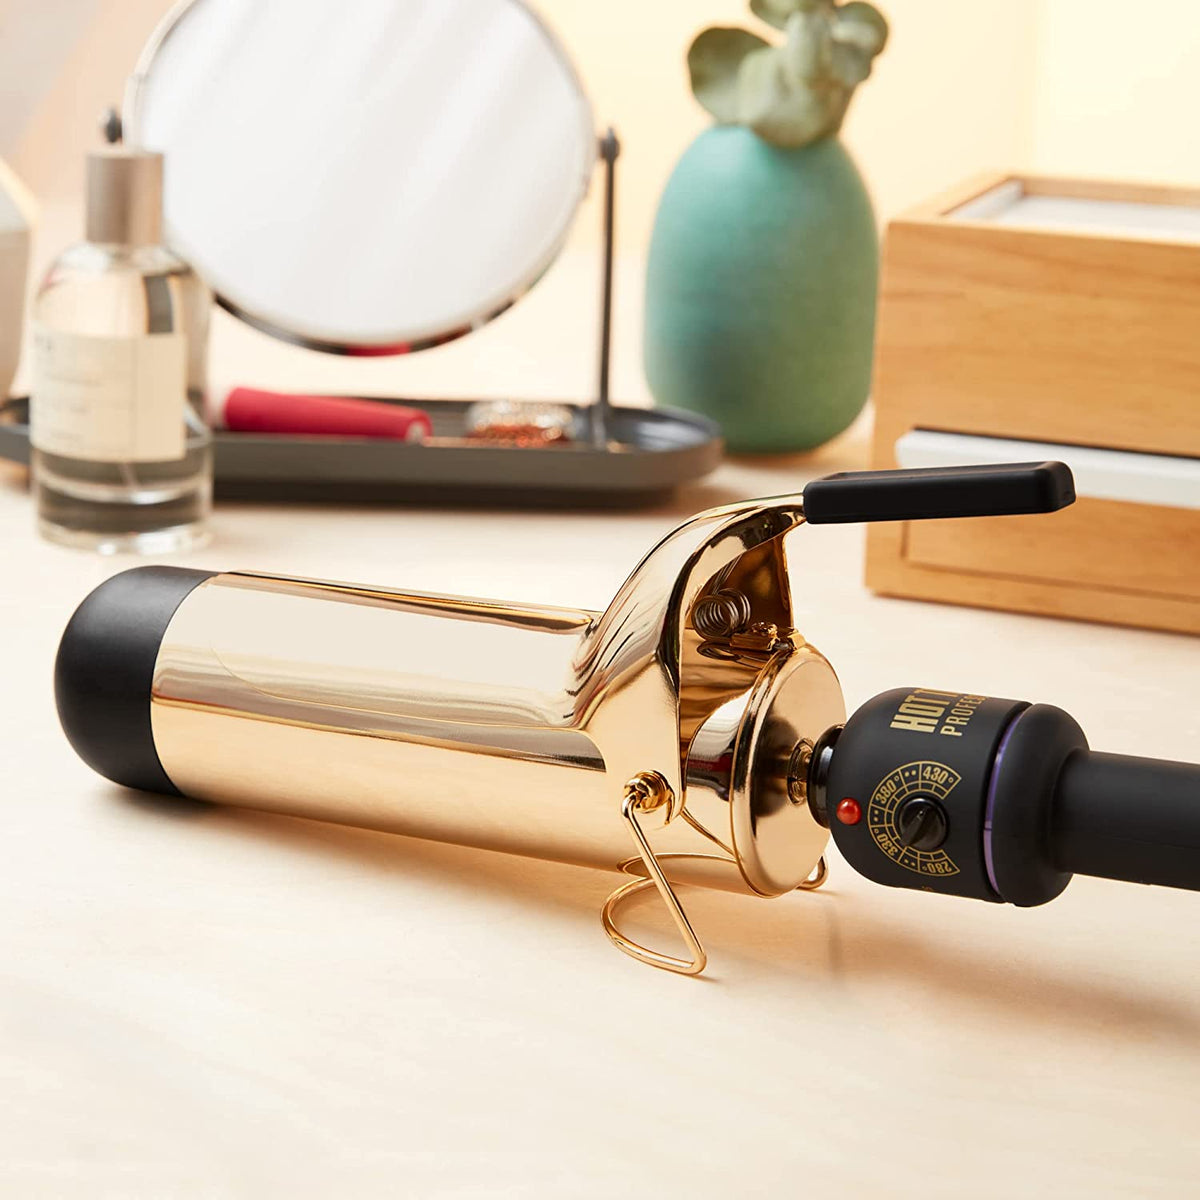 Hot Tools Spring Curling Iron
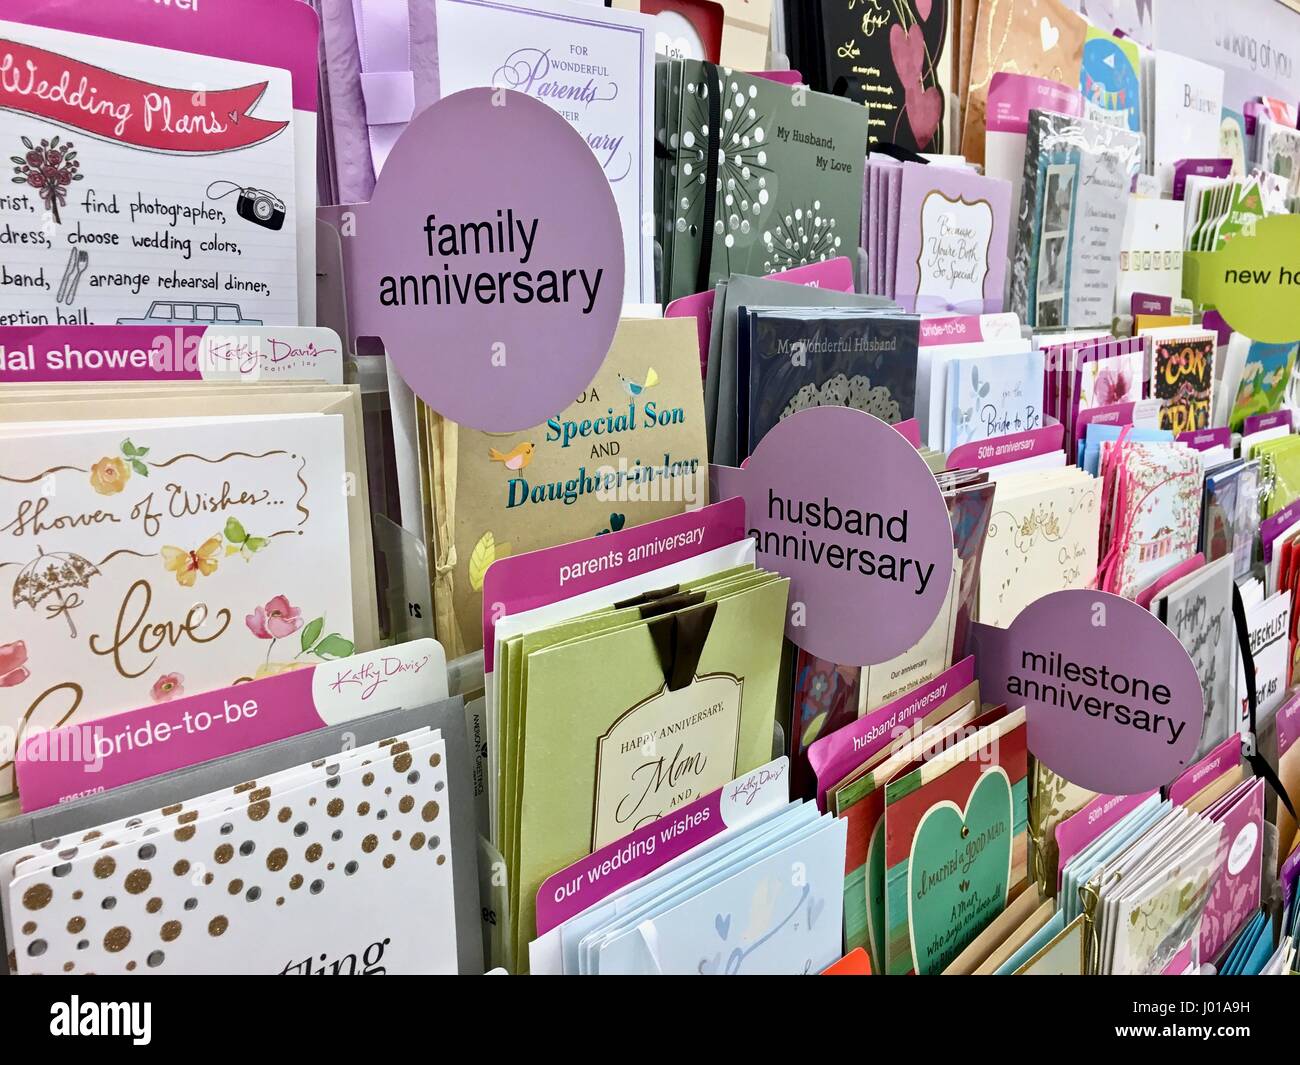 Greeting cards, birthday cards, romantic cards, get well cards, holiday cards at a grocery store card shop Stock Photo
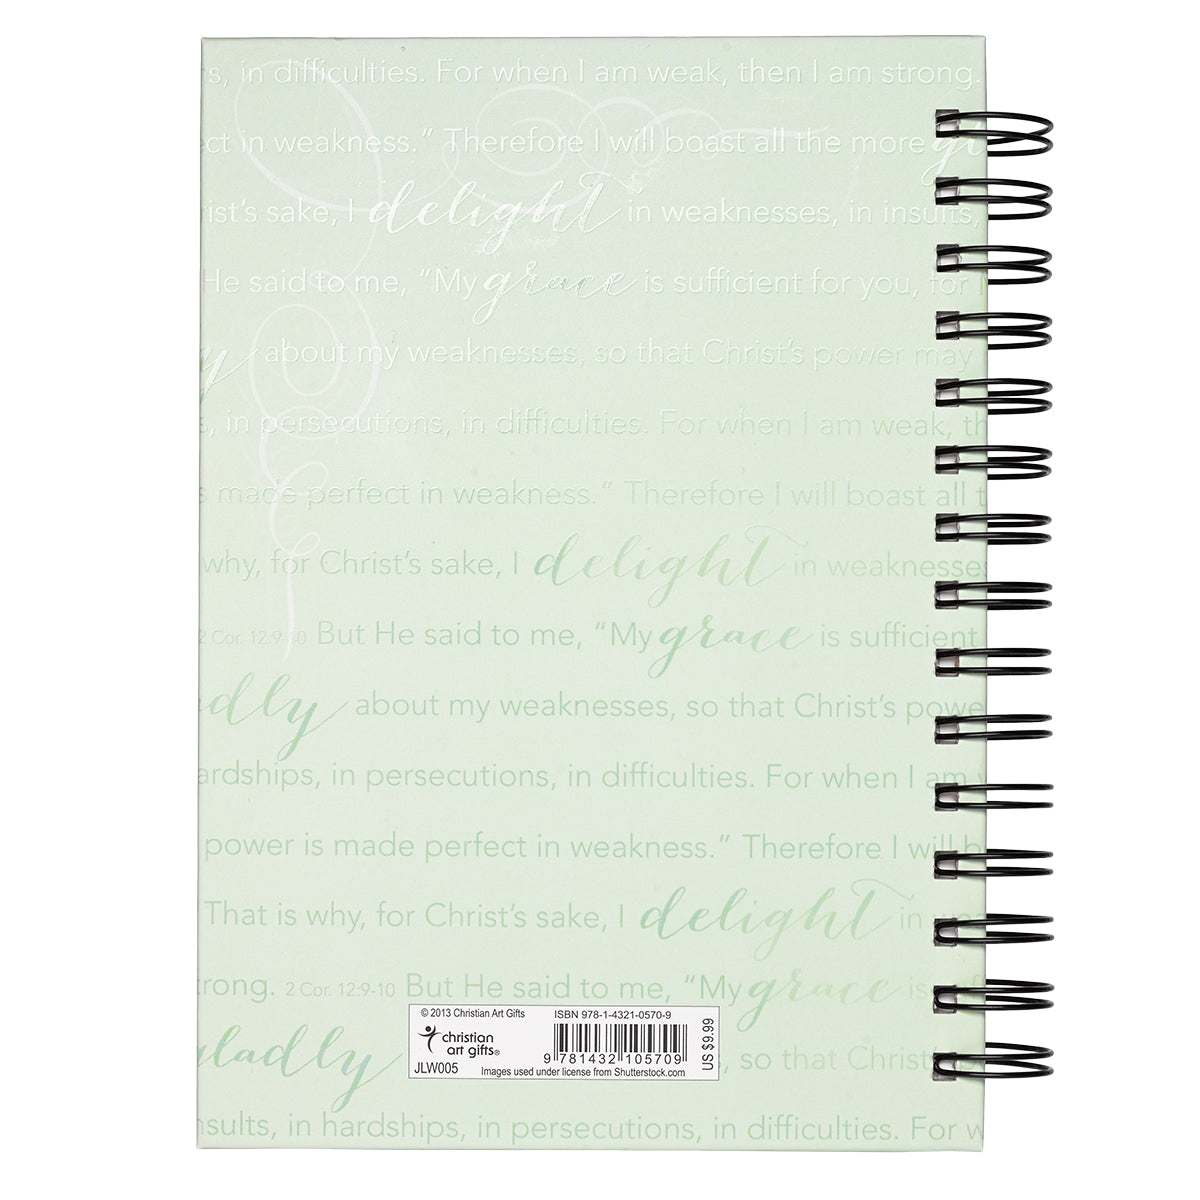 Image of "His Grace Is Sufficient" Wirebound Journal other

Brief: Down to the last line, reproduce the material above exactly; skip its images.

Problem solution:
 Hot Tools Spring Curling Iron
 Greeting cards, birthday cards, romantic cards, get well cards, holiday cards at a grocery store card shop Stock Photo
 Image of "His Grace Is Sufficient" Wirebound Journal other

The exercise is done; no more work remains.